Recorded information ▸
★ ★ ★ ★
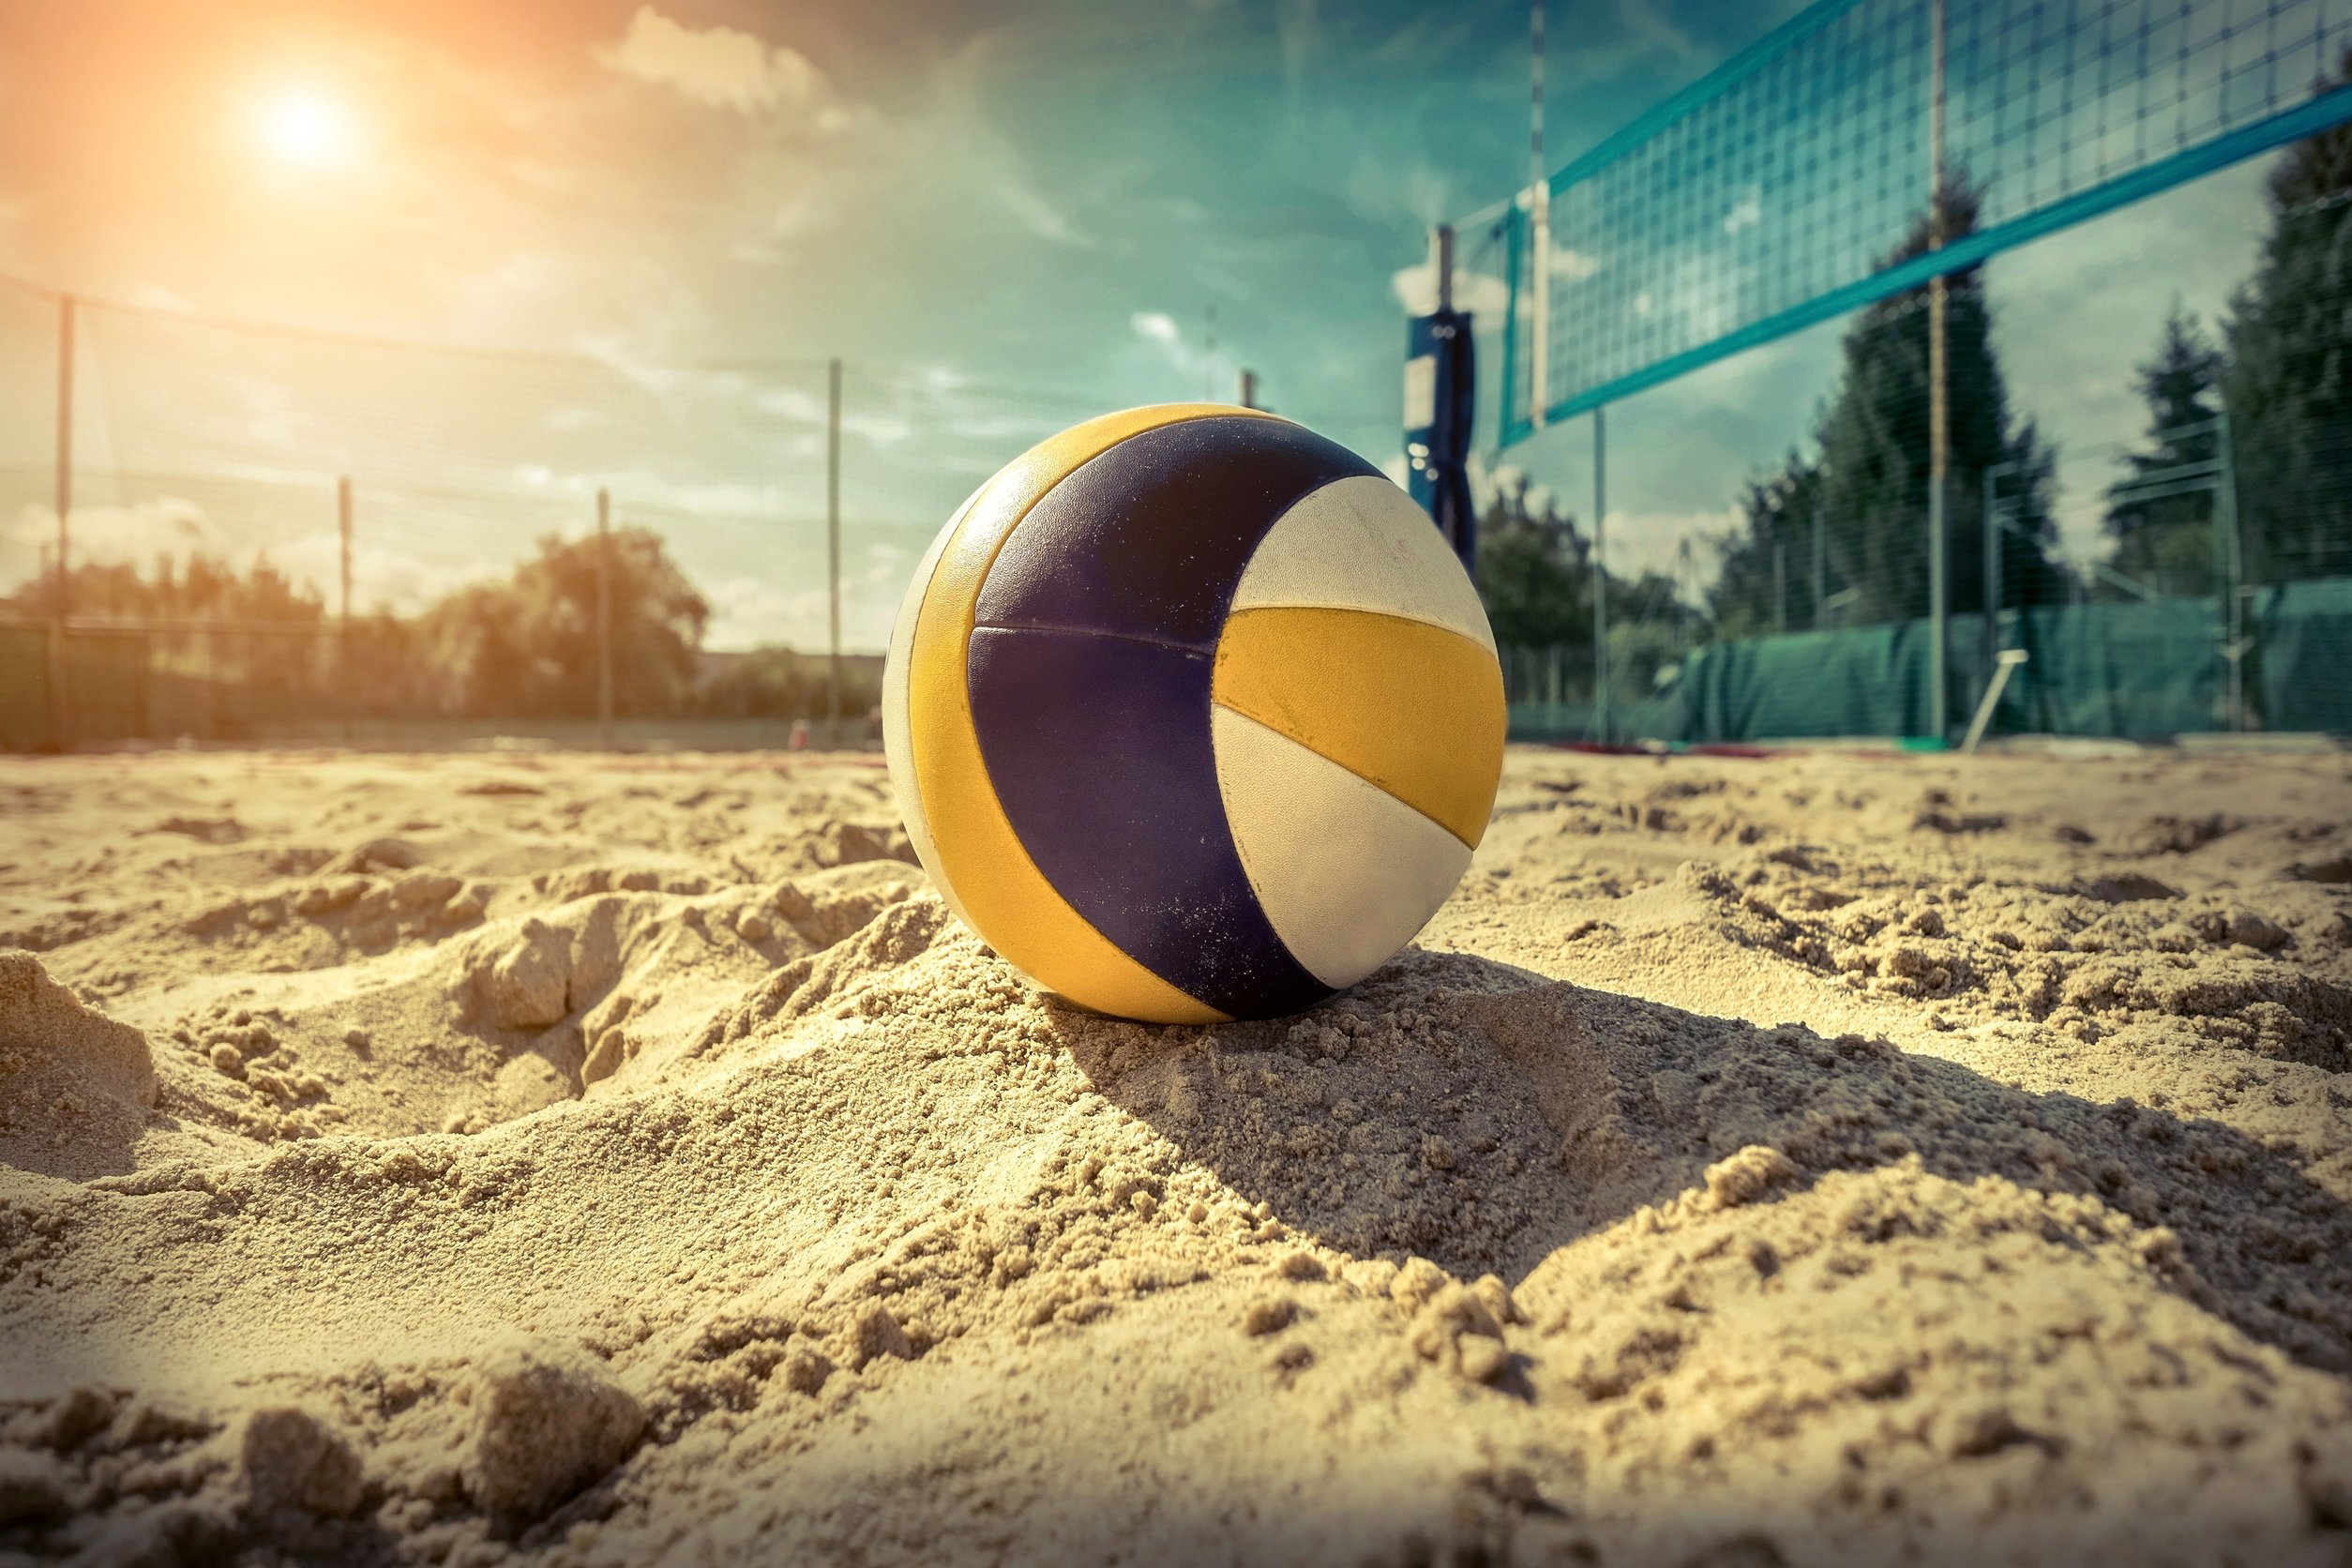 Beach Volleyball - Beach Games
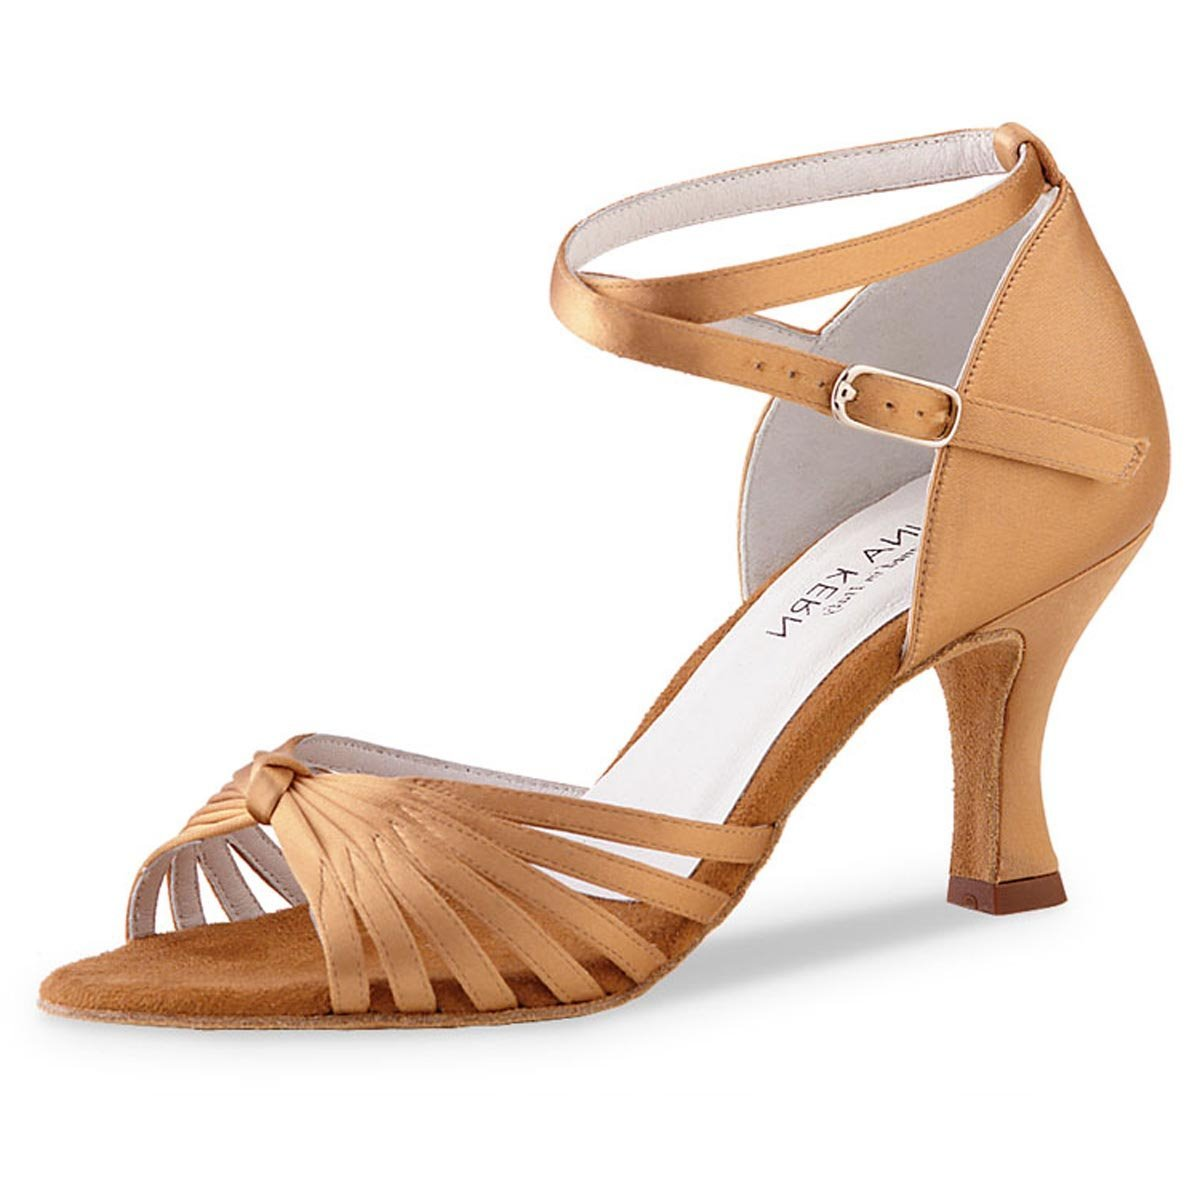 Anna Kern - Damen Tanzschuhe 526-60 - Satin Bronze - 6 cm B071YBMJNL Tanzschuhe Neu
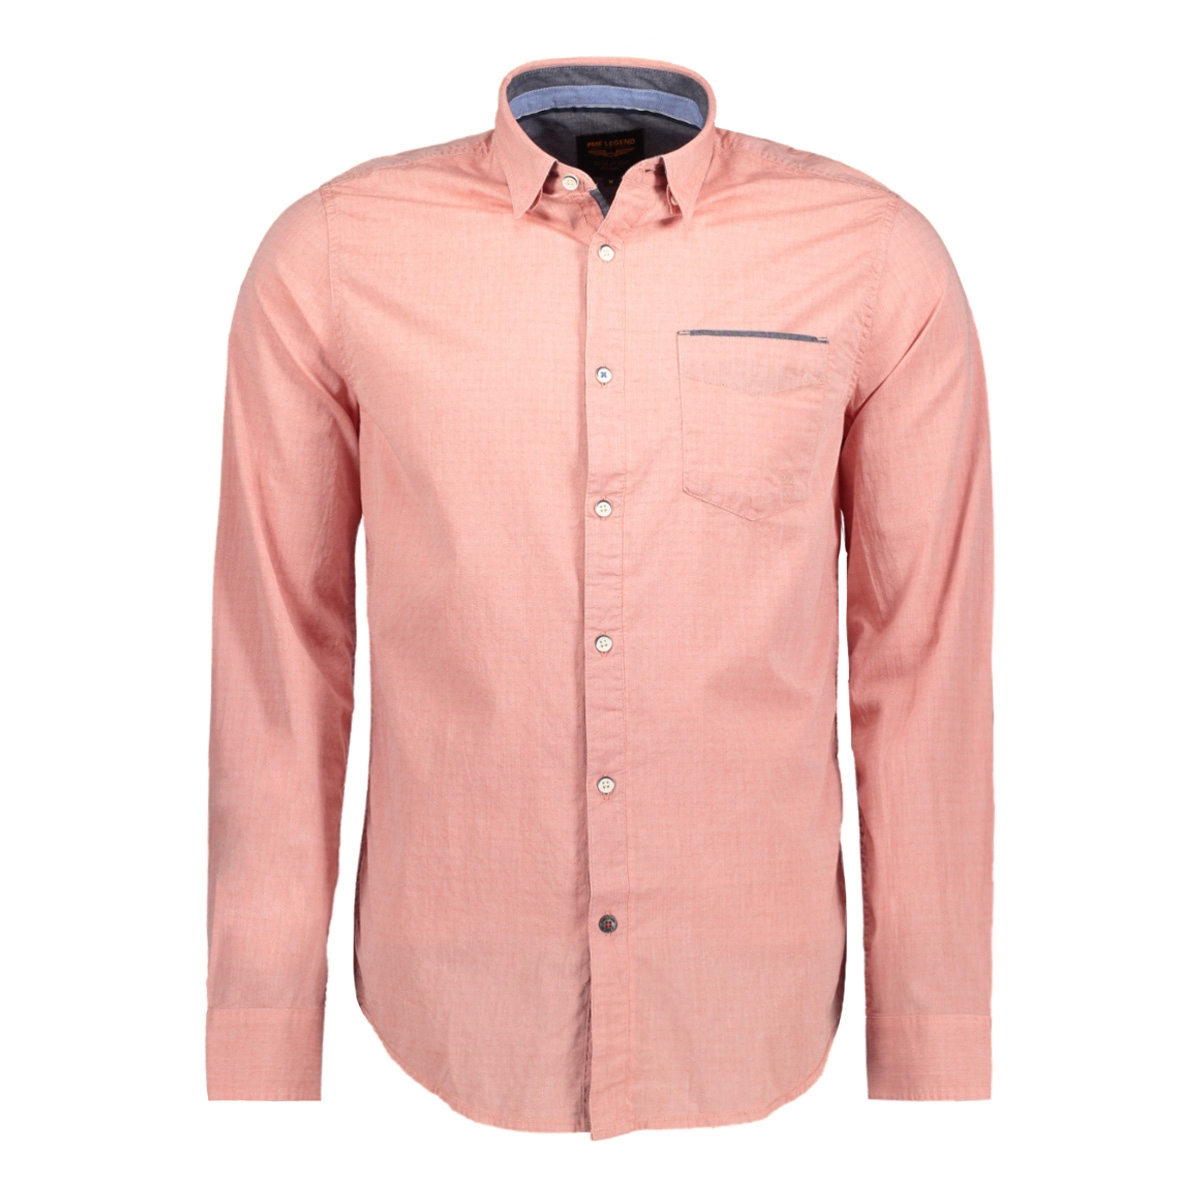 psi178211 pme legend overhemd 3260
★ ★ ★ ★
Description of the task ▸ Print the full listing exactly, dropping the pictures.

Answer to this task ▸
 Beach Volleyball - Beach Games
 Anna Kern - Damen Tanzschuhe 526-60 - Satin Bronze - 6 cm B071YBMJNL Tanzschuhe Neu
 psi178211 pme legend overhemd 3260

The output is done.